Masyarakat bisnis dan organisasi kemasyarakatan kita terutama tingkatan kelas


puncak,menengah (middle class) dan penyelia/supervisor yang dalam organisasi sebagai
penggerak, perlu secara berkesinambungan menyadari dan memahami perilaku etos kerja
bangsa-bangsa Asia Timur itu, khususnya nilai-nilai positif yang telah menjiwai budaya
produktivitas tinggi mereka. Artinya There is no end in learning and re-learning dalam
kelompok-kelompok lintas fungsional, baik dalam suasana kerja intern organisasi, maupun di
luar kungkungan/pasung organisasi saling berbagi (sharing) dalam membangun :

IQ (Intelligence Quotient), kesadaran dan kemampuan intelektual yang makin dibutuhkan setiap
anggota manajemen puncak, menengah sampai penyelia. Dengan demikian berkembanglah
pemahaman yang semakin matang bagi setiap manajer terhadap kebutuhan, tantangan dan
sasaran-sasaran organisasi ;

EQ (Emotional Quotient), belajar membangun dalam diri sikap positif pada kehidupan dan
kerjasama dengan pihak ketiga ;

TQ (Tenacity Quotient), perilaku ketekunan dalam menghadapi benturan-benturan (bumps)

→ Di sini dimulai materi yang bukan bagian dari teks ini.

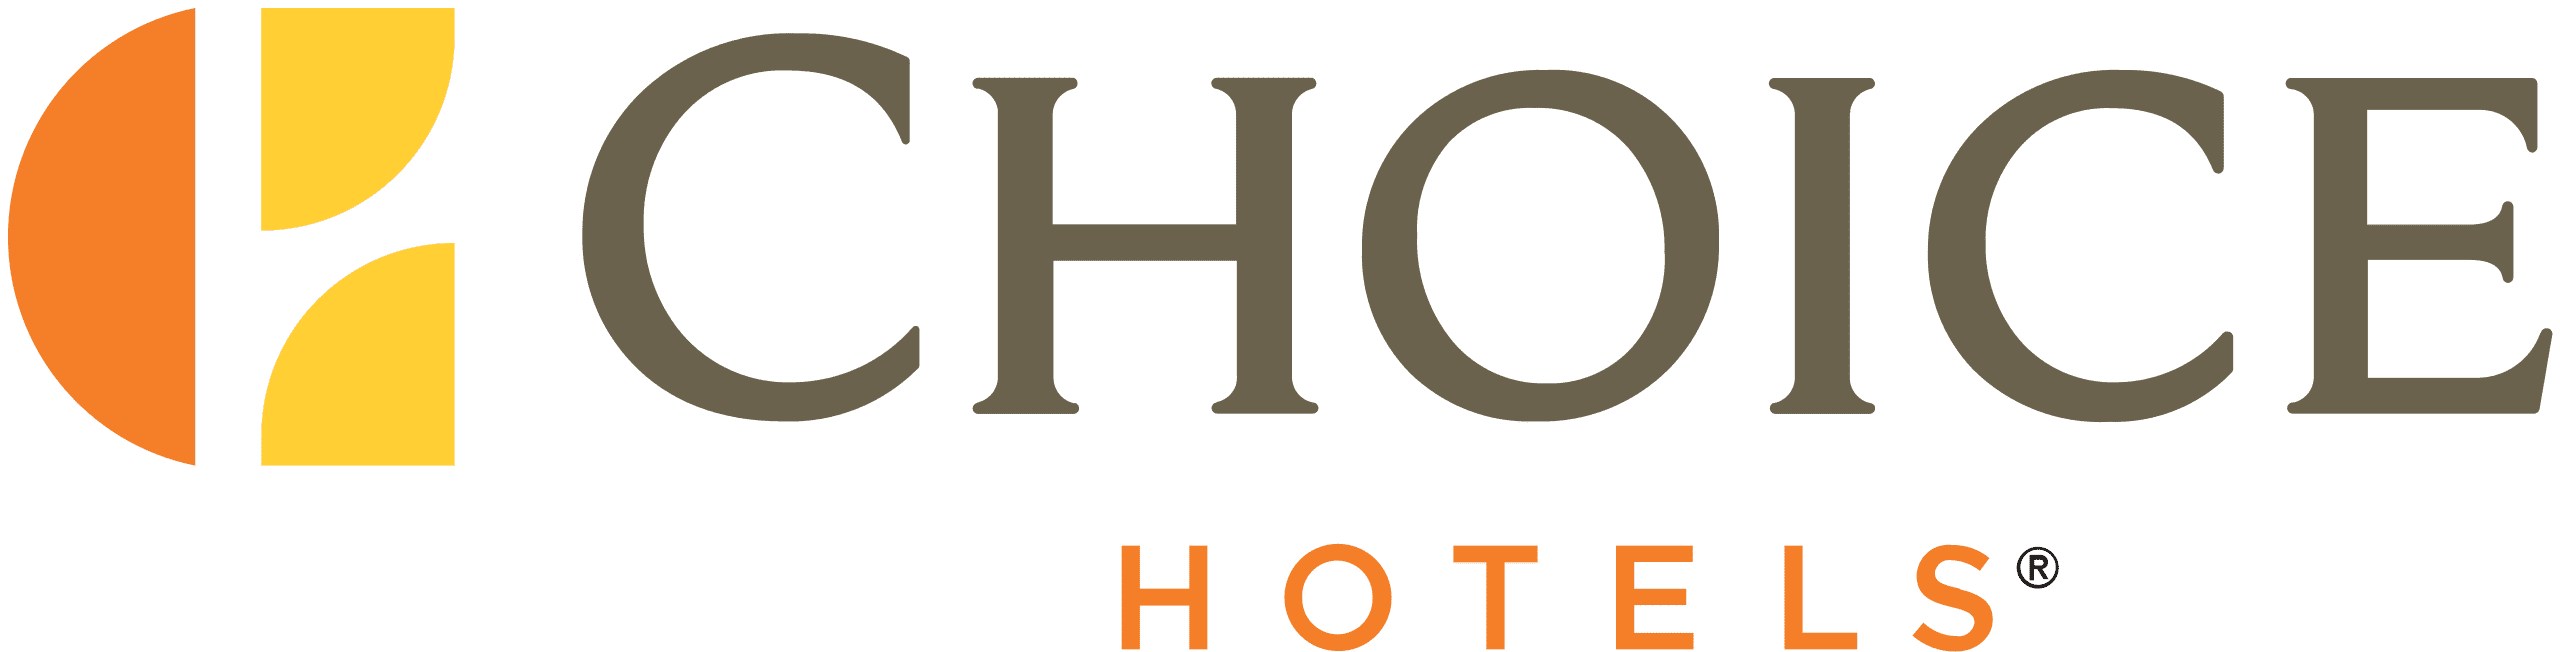 Choice Hotels logo.svg
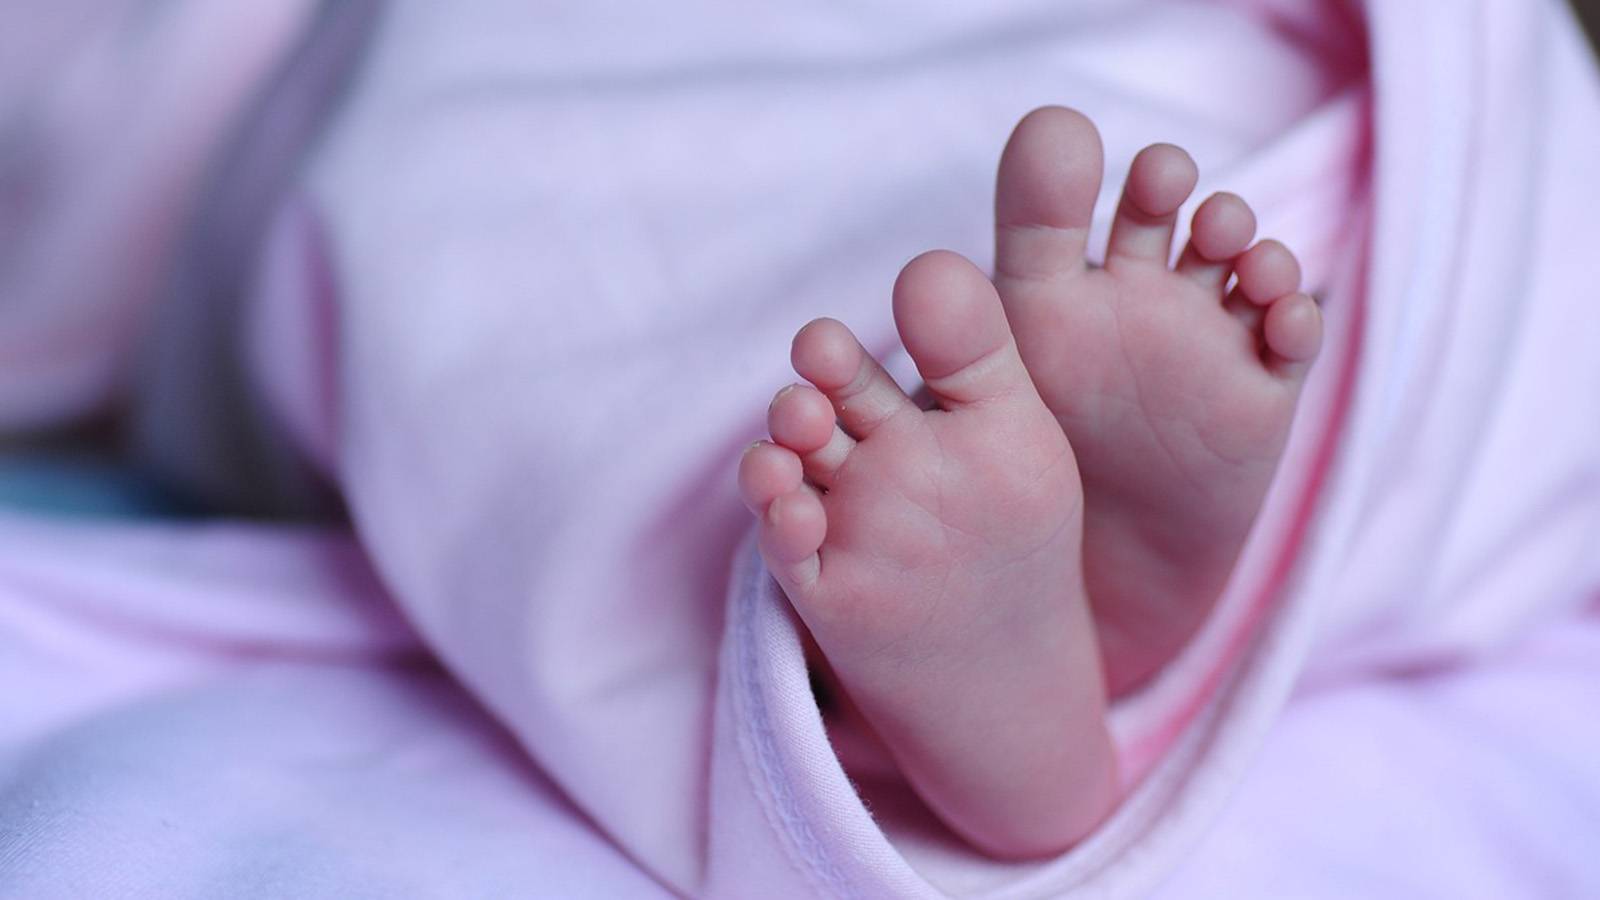 Newborn baby feet wrapped in blankets

dalam menjalani hidup dan tidak mudah menjadi putus asa (depressed) karena harus menjalani
benturan itu. TQ sebagai pengertian, pernah diungkapkan oleh Yang Mianmian, Wakil Pimpinan
Industri Haier Group, 1992-an, dengan sikap ketenangan patience is a virtue , namun tetap
menghargai waktu, tidak tergesa-gesa tanpa kehilangan fokus dalam berstrategi..

Generasi muda Indonesia, baik yang sudah duduk dalam manajemen puncak/menengah,
demikian pula para penyelia/supervisor, perlu menarik pelajaran nyata dari semangat yang
menjiwai SDM ketiga bangsa tersebut. Artinya mereka perlu menghayati bahwa kesabaran
adalah suatu kebajikan (patience is a virtue) dengan menanggalkan segala ketergesaan yang
tidak keruan, dan yang mau mulai belajar kembali tanpa sikap curiga dan sifat bosan (*)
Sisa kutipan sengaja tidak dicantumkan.